▸ Collected data
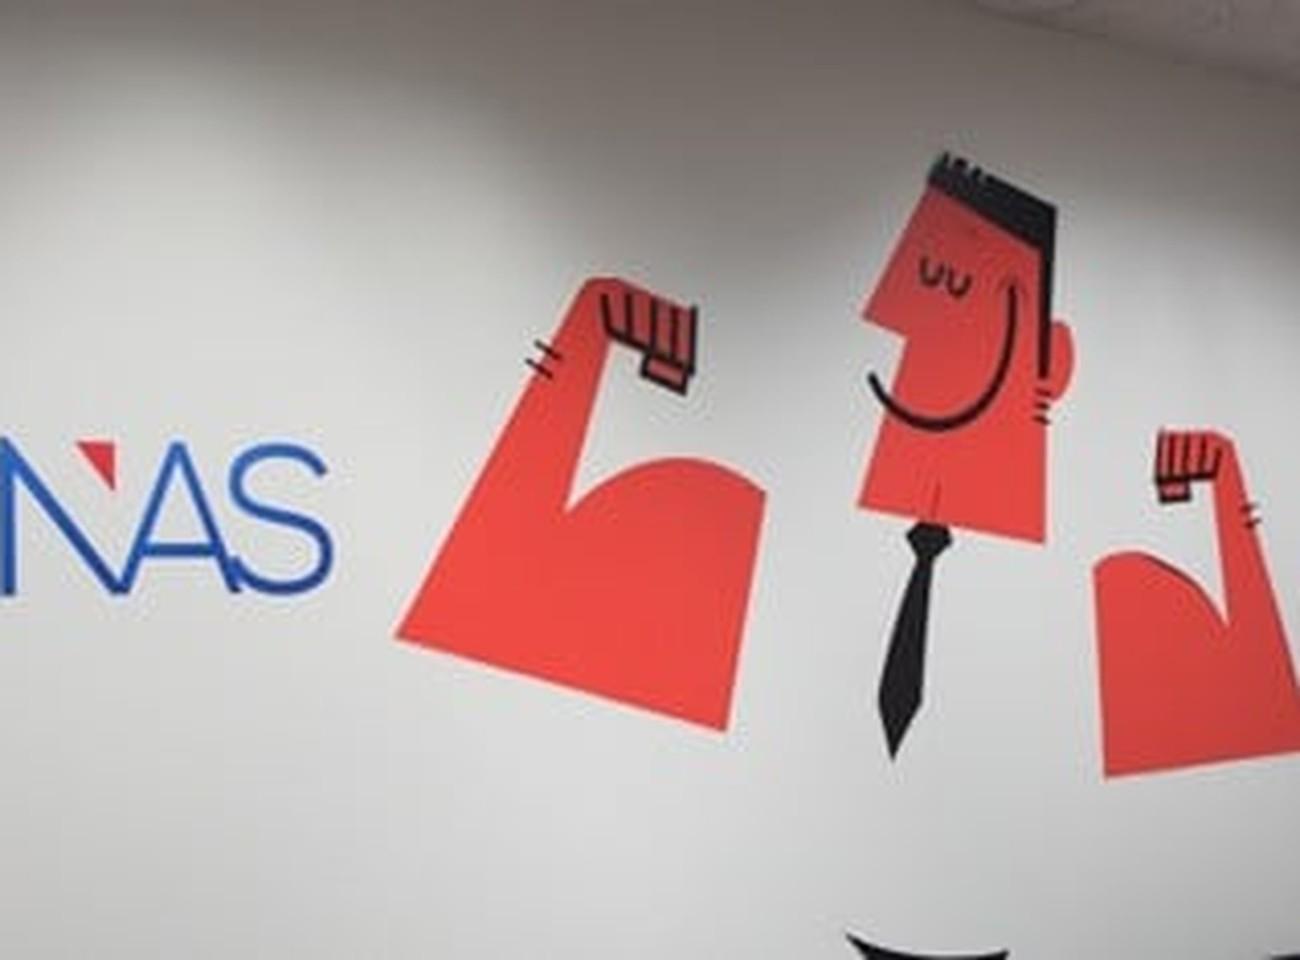 NAS Insurance Careers
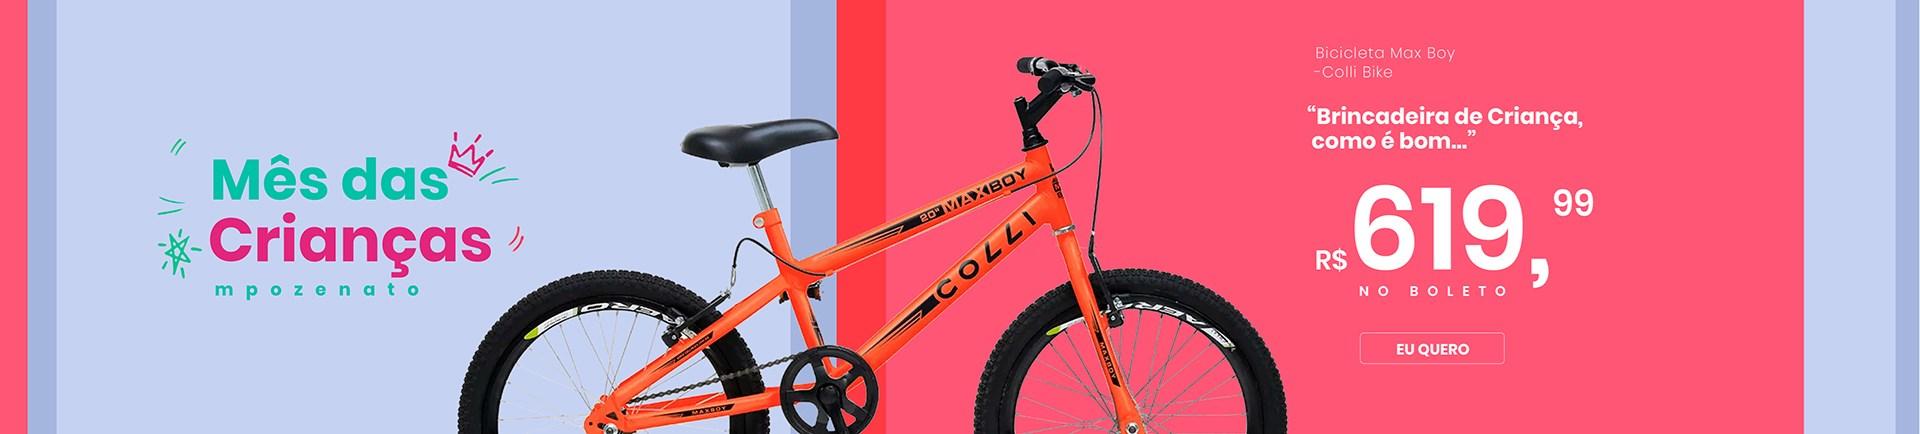 Bicicleta Max Boy - Desk
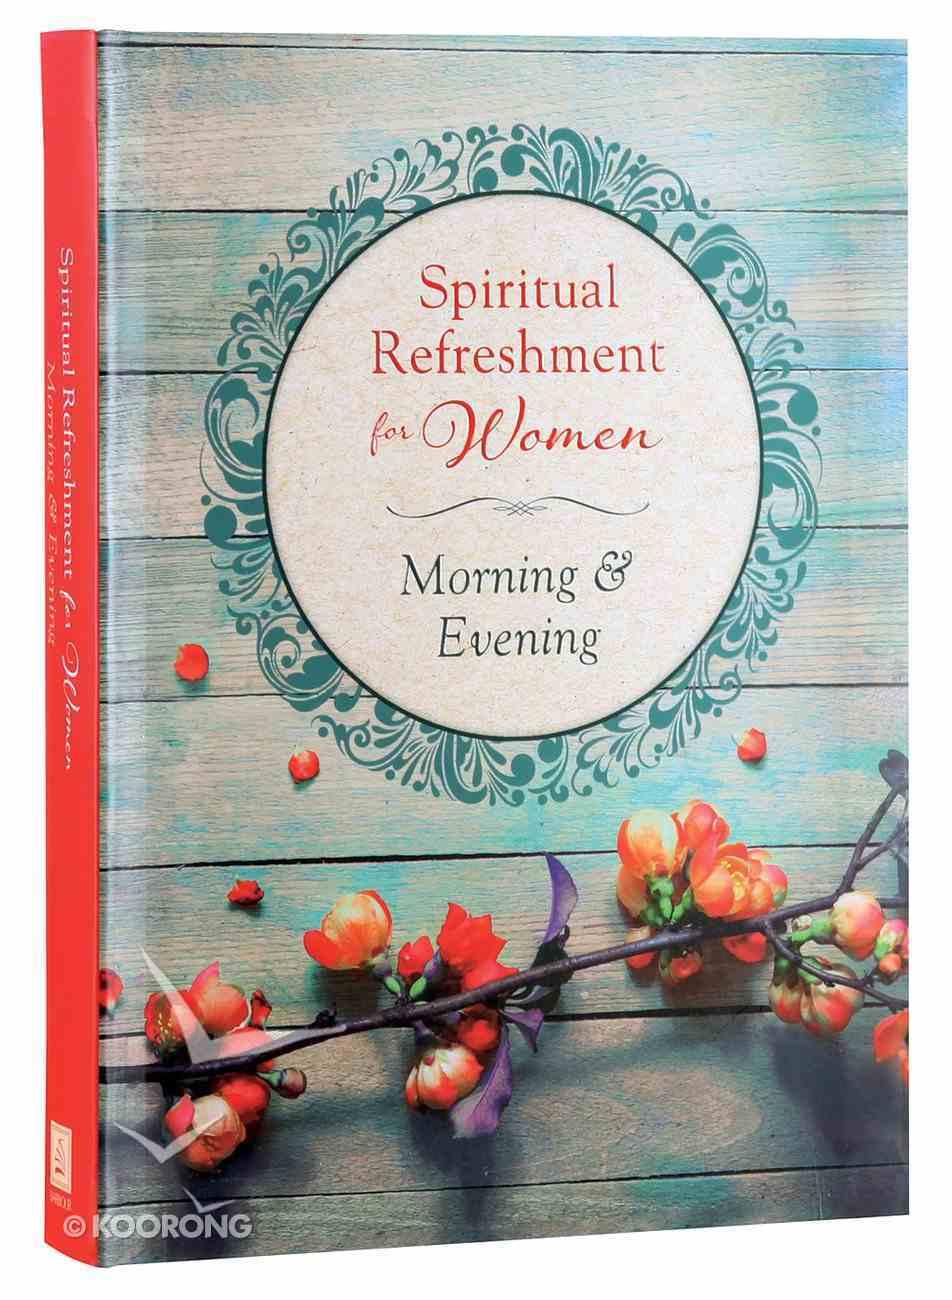 Morning & Evening (Spiritual Refreshment For Women Series) Paperback

▸ Work to be completed
Down to the final line, restate the material above word for word, but omit its pictures.

▸ The answer
 NAS Insurance Careers
 Bicicleta Max Boy - Desk
 Morning & Evening (Spiritual Refreshment For Women Series) Paperback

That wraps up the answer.